BY: Frazier Moore
NEW YORK – “Vanity” is a word that seems missing from Cloris Leachman’s play book.
This, of course, is no surprise to those who has savored this veteran actress-comedian in her anything-but-self-admiring performances the past six decades. (Does snooty Phyllis Lindstrom on ‘The Mary Tyler Moore‘ and her own spinoff sitcom ring a bell? Or Teutonic terror Frau Blucher in ‘Young Frankenstein‘? Or Leachman’s starkly non-comedic portrayal of a forlorn coach’s wife in ‘The Last Picture Show,’ for which she won the 1972 best-supporting actress Oscar?)
Now the 84-year-old Leachman fires jolts of unbridled daffiness on Fox’s ‘Raising Hope,’ which airs Tuesdays at 9 p.m. EST.
She plays Maw Maw, the dementia-addled, wildly inappropriate senior cared for by her granddaughter Virginia (Martha Plimpton) and Virginia’s husband Burt (Garret Dillahunt). Their son Jimmy (Lucas Neff) also shares the chaotic homestead, along with his baby daughter, Hope.

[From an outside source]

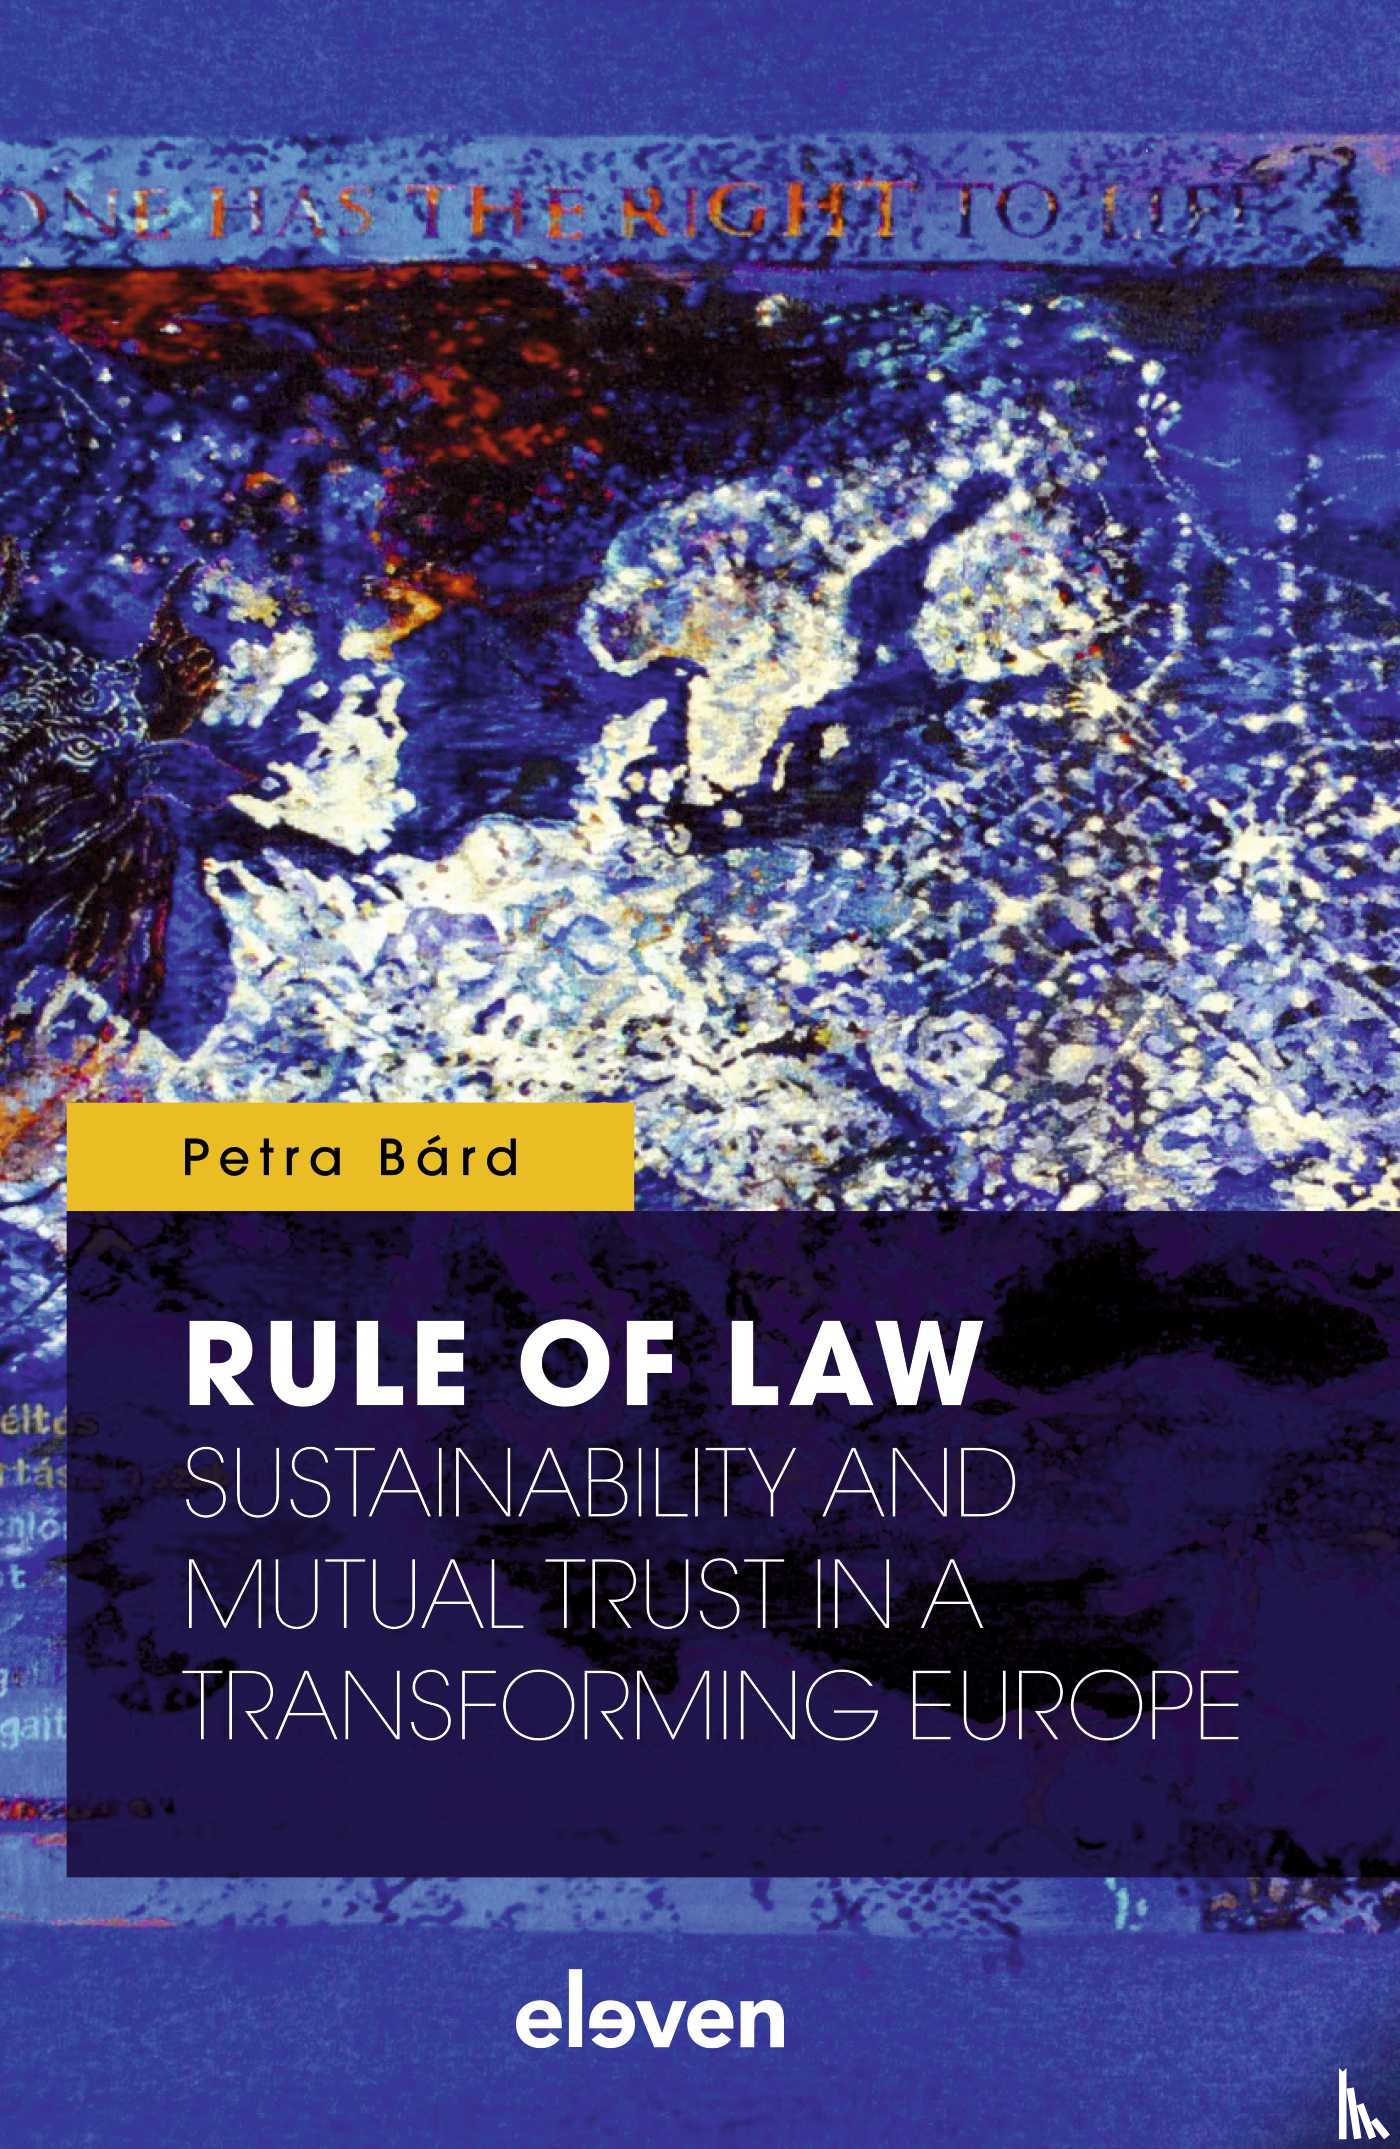 Bárd, Petra - Rule of Law: Sustainability and Mutual Trust in a Transforming Europe

Moments of lucidity are few and far between for Maw Maw, who may be found removing her top and bolting out the front door bare-chested; forcing a “Christmas cookie” on Burt that she made from dirt and pebbles; or, when seated beside someone’s desk, popping off with a chipper, “Thank you for having me on the show, Johnny!”
As Leachman reflects on Maw Maw’s antics, she trills an appreciative chuckle.
“I just hang on and say, ‘What am I gonna do now?’ I really trust Greg Garcia,” she says, meaning the series’ creator. “And he trusts me.”
Any doubts about Leachman’s gung-ho attitude were dashed two years ago when she was a contestant on ‘Dancing with the Stars.’ She didn’t win the mirrorball, but with moxie and sass she outlasted the likes of singer Toni Braxton, chef Rocco DiSpirito and reality star Kim Kardashian.
“Gosh, I wish I knew what I did!” says Leachman. “I just came out and did a dance.”
On a whirlwind publicity jaunt for ‘Raising Hope’ recently, Leachman is fresh from shooting the series the week before, then flying to Kansas City to perform her one-woman show, then on to Warren, Ohio, the next day for a speech.
Watch This Week’s Episode of ‘Raising Hope’ — Guest Starring Jason Lee — on xfinityTV.com
Sure, she claims to be exhausted (with a theatrical display of collapsing in her chair). But during an interview at Associated Press headquarters, she is a cutup. And during her entrance and exit, she stops at every desk to speak — and eagerly interrogate — all the journalists in her path.
She is accompanied by her son, George Englund Jr., who is also her manager.
“He says managing me is like herding cats,” she confides, then, with precision timing, adds, “George, don’t you think it’s because I’m left-handed and right-brained?”
“I think that her right brain has consumed her left brain,” he responds mock-wearily, “and it’s sitting over there pretending to be a left brain like it has logic and stuff — but there isn’t any.”
“It’s a wonderful way to live,” she declares. “I’m so happy. I’m never upset or depressed.”
Not that she can’t be sharply outspoken. Unbidden, she lists three prominent people she doesn’t care for, including an Oscar-winning actor (“Can’t stand him”); a major politician’s wife (“The biggest pill!”); and a well-known TV personality (“He thinks he’s the big cheese: Limburger”).
“But those are the only three people I don’t like,” she sums up.
A native of Iowa who grew up outside Des Moines in an isolated home without running water, she began piano lessons as a child. Since the family couldn’t afford a piano, she practiced on a cardboard drawing of piano keys. She briefly studied theater at Northwestern University and competed in the Miss America pageant in 1946. She landed in New York soon thereafter, won roles in the theater and in the emerging world of live TV drama, as well as film.
After 60-plus years (with eight prime-time Emmys among her cache of honors), Leachman says she has always treated acting as something of a lark.
She recalls her role as sneering, domineering Nurse Diesel in the 1977 Mel Brooks comedy ‘High Anxiety,’ set in a mental institution.
Waiting in costume in her trailer on the first day of production, she idly gave Nurse Diesel a comically repugnant accent: the trace of a mustache.
“I was by myself with an eyebrow pencil, just doing nothing. Then they called me to the set and we started working. And we never changed it after that. So I had to put on this mustache every day. I had never intended to wear it. I was just entertaining myself in my trailer.”
“She makes choices all the time,” says her son with an amazed shake of his head. “I’m with her every day and I still have no idea what she’s going to do next. Just hold onto your hat!”
Hearing that, Leachman chuckles and considers the question, is she spared from vanity’s constraints?
“I have pride,” she sort of replies. “I have to be clean. I take a bath. That’s what starts it. Then I just go to the end. It starts with a bath.”